€ 540 milliards tirés au forceps ne suffiront pas.

On aimerait saluer l’accord conclu par les Ministres des Finances au bout de plus de 20 heures de négociations, comme un premier pas vers une réponse coordonnée de l’Union à la crise qui se prolongera bien au-delà de la maîtrise du Covid19. Il ne fait, cependant, qu’accorder un espace de respiration avant de confronter les questions existentielles qui détermineront la capacité de survie de l’Union elle-même. Le fait d’entériner un « compromis » de plus est de très mauvais augures car par la nature même de l’accord, qui cherchait à rapprocher des points de vue irréconciliables, les Autorités ont fermé des portes qui rendront les négociations futures encore plus difficiles.

L’erreur fondamentale a, me semble-t-il, été commise par le Conseil Européen qui, ne trouvant pas de consensus, a chargé les Ministres des Finances de faire des propositions sur la forme de l’aide financière que l’Union serait amenée à fournir à ses Membres.
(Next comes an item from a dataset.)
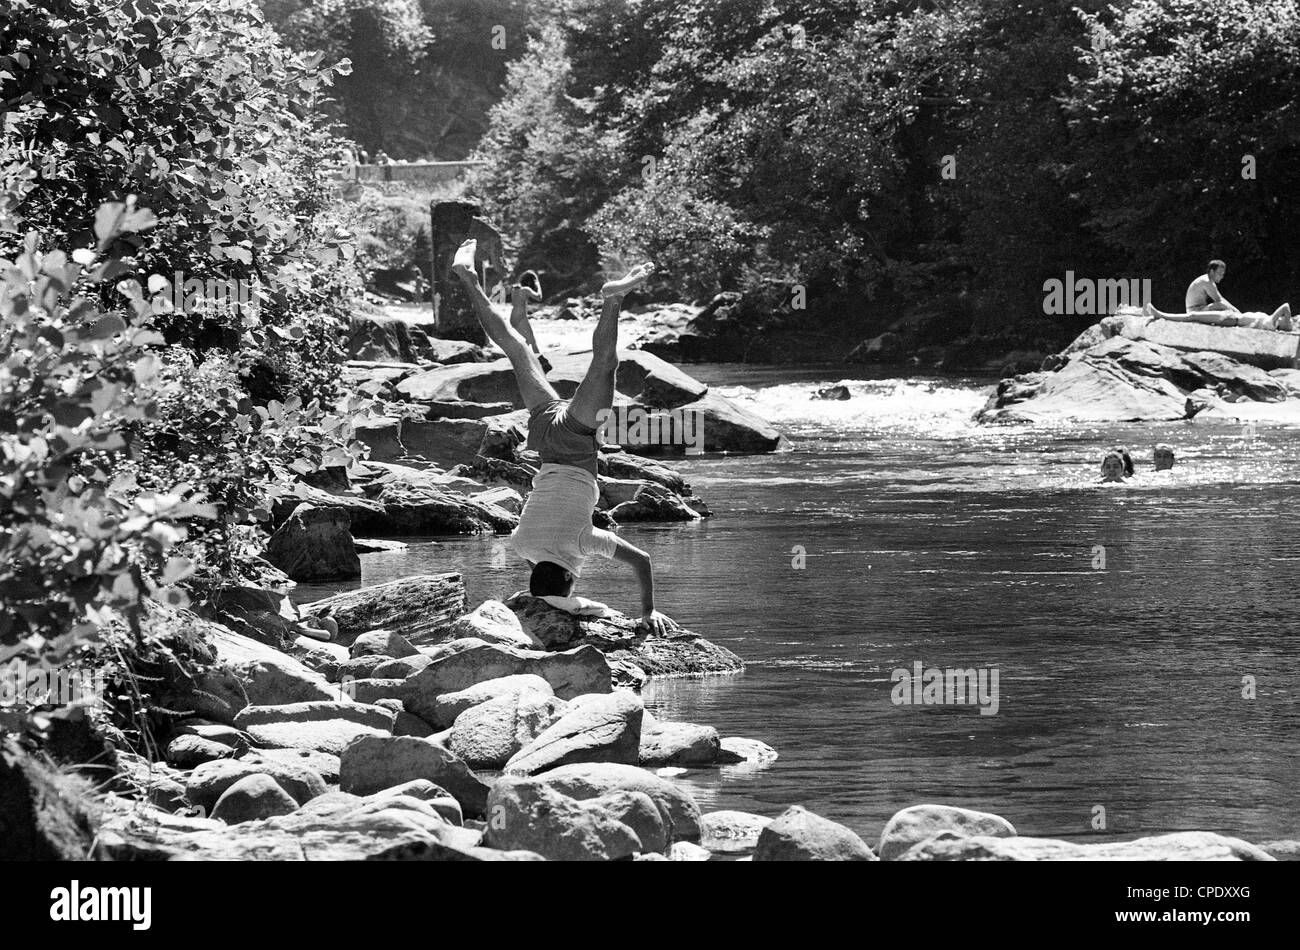 Mann, der Yoga-Handstand auf Felsen am Fluss Salat bei Seix in der Midi Pyrénées France 1990 macht. Kopfstand Yoga Stretch Position Klasse im Freien Französisch Stockfoto

Ce faisant, ils ont limité les réponses possibles aux aspects économiques et financiers alors que les défis soulevés, contrairement aux crises précédentes, dépassent très largement ce cadre pour englober des questions sanitaires, sociales, environnementales et surtout politiques qu’il sied d’intégrer à la réflexion.

Confier aux seuls grands Argentiers d’apporter des solutions limitait de facto la discussion autour du concept de « mutualisation » des risques de financement. Cela a débouché sur une solution hybride où la partie gérée par la Commission (SURE) est garantie par le budget (et donc mutualisé par le Traité indépendamment de la façade des garanties des PM) tandis que celui confié à la BEI est mutualisé par ses statuts (qui oblige les 27 PM actionnaires à respecter dans la durée un ratio des fonds propres par rapport aux dettes). Il s’ensuit que les emprunts levés par ces deux entités sont des exemples parfaits d’Eurobonds avec lesquels les marchés sont familiers depuis des décennies (y compris ceux finançant autrefois la Communauté Européenne, la CECA et Euratom). Par contre les € 240 milliards à avancer par le MES sont réservés à – et garantis  par – les seuls membres de l’UEM et sont limités à 2% du PIB de l’emprunteur et ne peuvent être utilisés que pour financer les suites directs et indirects de la pandémie.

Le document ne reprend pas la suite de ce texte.